As I prepare to go abroad in July, I continue to be surprised by how much I have to do, how hard it actually is to go abroad, how fast my departure date is approaching… going abroad is just one huge exciting mess. And a ton of (usually really minor) stuff always goes wrong.
How much I have to do:
Course equation requests. Language placement tests. Choose Australian insurance. Order a Visa. Order plug adapters. Buy a plane ticket. Sort out housing in Monash. The list goes on and on (and on and on…). I’m surprised people ever actually make it abroad, I keep getting hung up on this eternally long “to do” list (and I actually really like “to do” lists). It feels like I will spend the next year trying to check all of these boxes just so I can go abroad, and this is just what is required of me by OU and Monash. It doesn’t even include all the things I have to purchase/do to function in Australia once I get there (see: plug adaptors, unlocking bank card/credit card for international use, figuring out cell phone service…). But I’ve done this before (with slightly less red tape thanks to it being an OU program) and I made it then, and other people have made it abroad before. I know it all gets sorted out and eventually I get on the plane and arrive, and that’s what it’s all about. I just hope I don’t lose my head before then!
Things that go wrong:
For example: last time I went abroad I way overpacked with all the wrong clothes. And I had more information about where I was going than I do this time. I also had various little issues with hotels and taxis and communication… the list always goes on and on.

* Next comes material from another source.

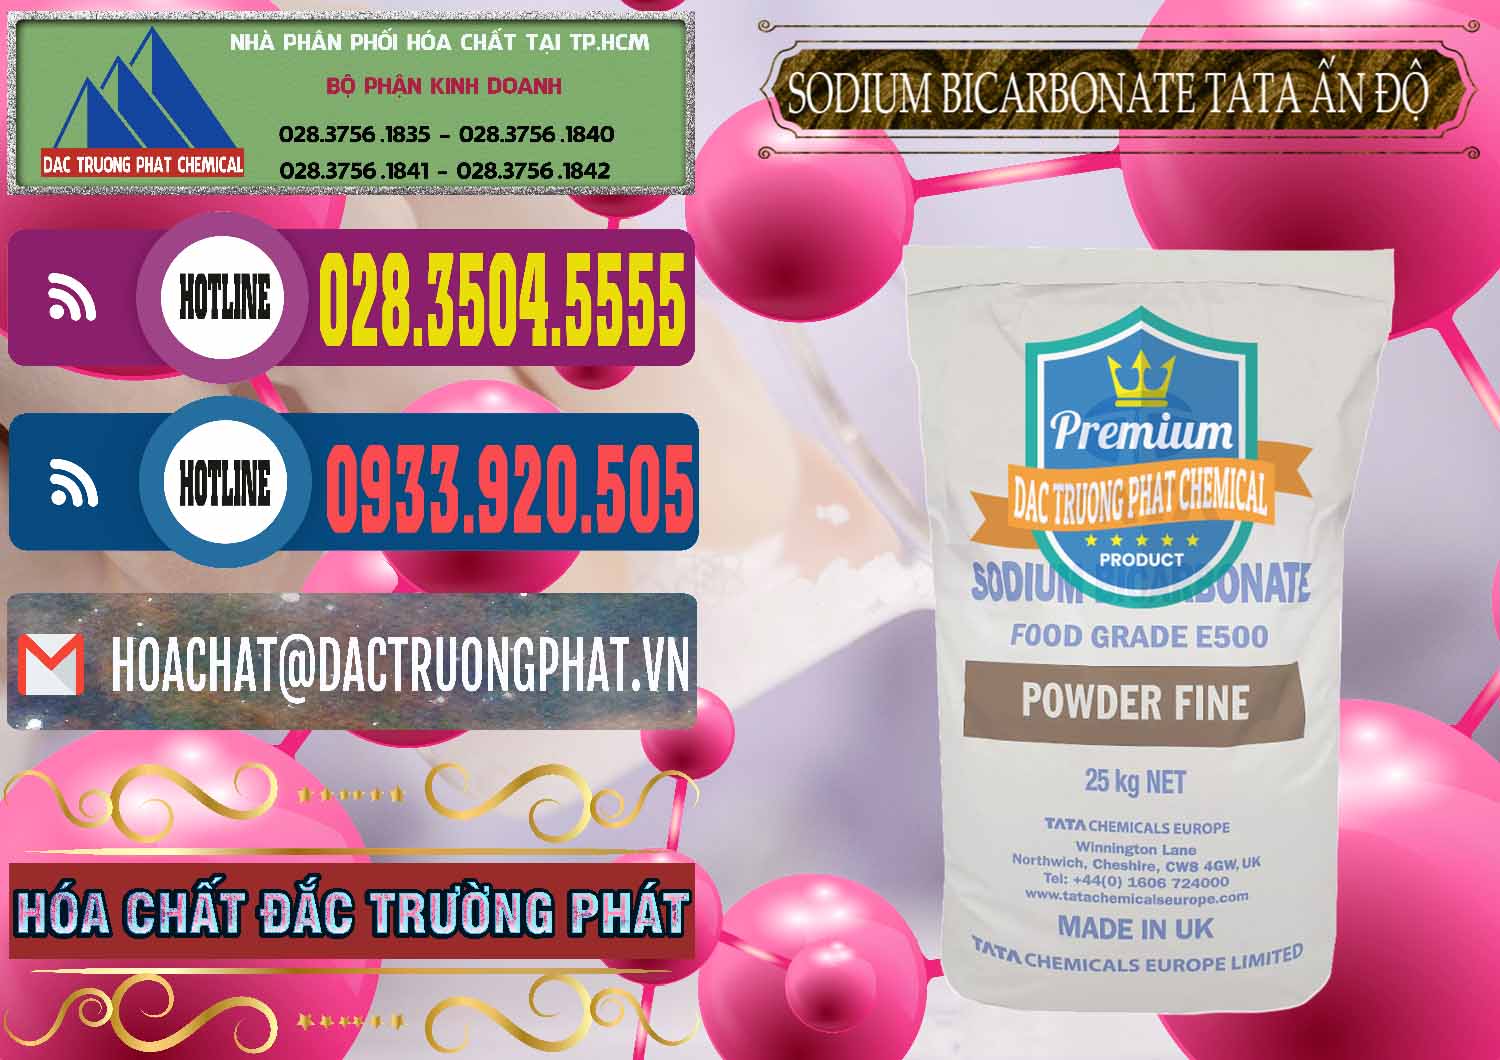 Công ty chuyên kinh doanh và bán Sodium Bicarbonate – Bicar NaHCO3 E500 Thực Phẩm Food Grade Tata Ấn Độ India - 0261 - Phân phối và cung ứng hóa chất tại TP.HCM - muabanhoachat.com.vn

I’m trying to minimize the number of those mistakes for this trip, but I’m realizing (thankfully before I leave this time) that stuff is just going to happen. Maybe this time I won’t haul 30 lbs of clothes I won’t wear across an ocean, but something else will go wrong. Maybe I won’t have warm enough stuff for cold nights, or dry enough clothes for the rainy season. Maybe my taxi ride from the airport to my hotel won’t cost 90 euros this time, but it’ll take me hours to find it. Or it will take me to the wrong place first.
I’m not trying to be pessimistic or predict everything that will go wrong, my point is just that things are always going to happen. No one can prepare for every contingency, but, at least for “Type A” people like me, it’s really hard not to try. And that was how I wound up hauling 30 unnecessary lbs of unbearably hot dress clothes and uncomfortable shoes around the Italian train system for a week of my last study abroad (in addition to the other 30 lbs of junk with varying degrees of usefulness in my suitcase). I swore not to do that again, but because I’m a faithful believer in Murphy’s Law, I know I’ll just make another mistake instead. And that’s fine. If I can lug a 60 lb suitcase up and down multiple flights of stairs and down cobblestone streets and still have a good time in Italy, then I can handle whatever goes wrong with Australia and still have a good time. Big perk I’m seeing to semester long study abroad: guaranteed “home base” to store most stuff at so I can take light bags on weekend trips (see: no more hauling 60 lb suitcase).
How fast my departure date is approaching:
Too fast. Not fast enough. It seems forever away, then I turn around and it’s May, and I leave two months from Saturday when I swear it was four months away a minute ago. It seems forever away through a mound of paperwork and purchases and phone calls to make, but then I clear another hurdle and it looks a lot closer. It’s one crazy psychological roller coaster that’s going to come to a screeching halt when my plane finally touches down in Melbourne. Then a whole new roller coaster starts.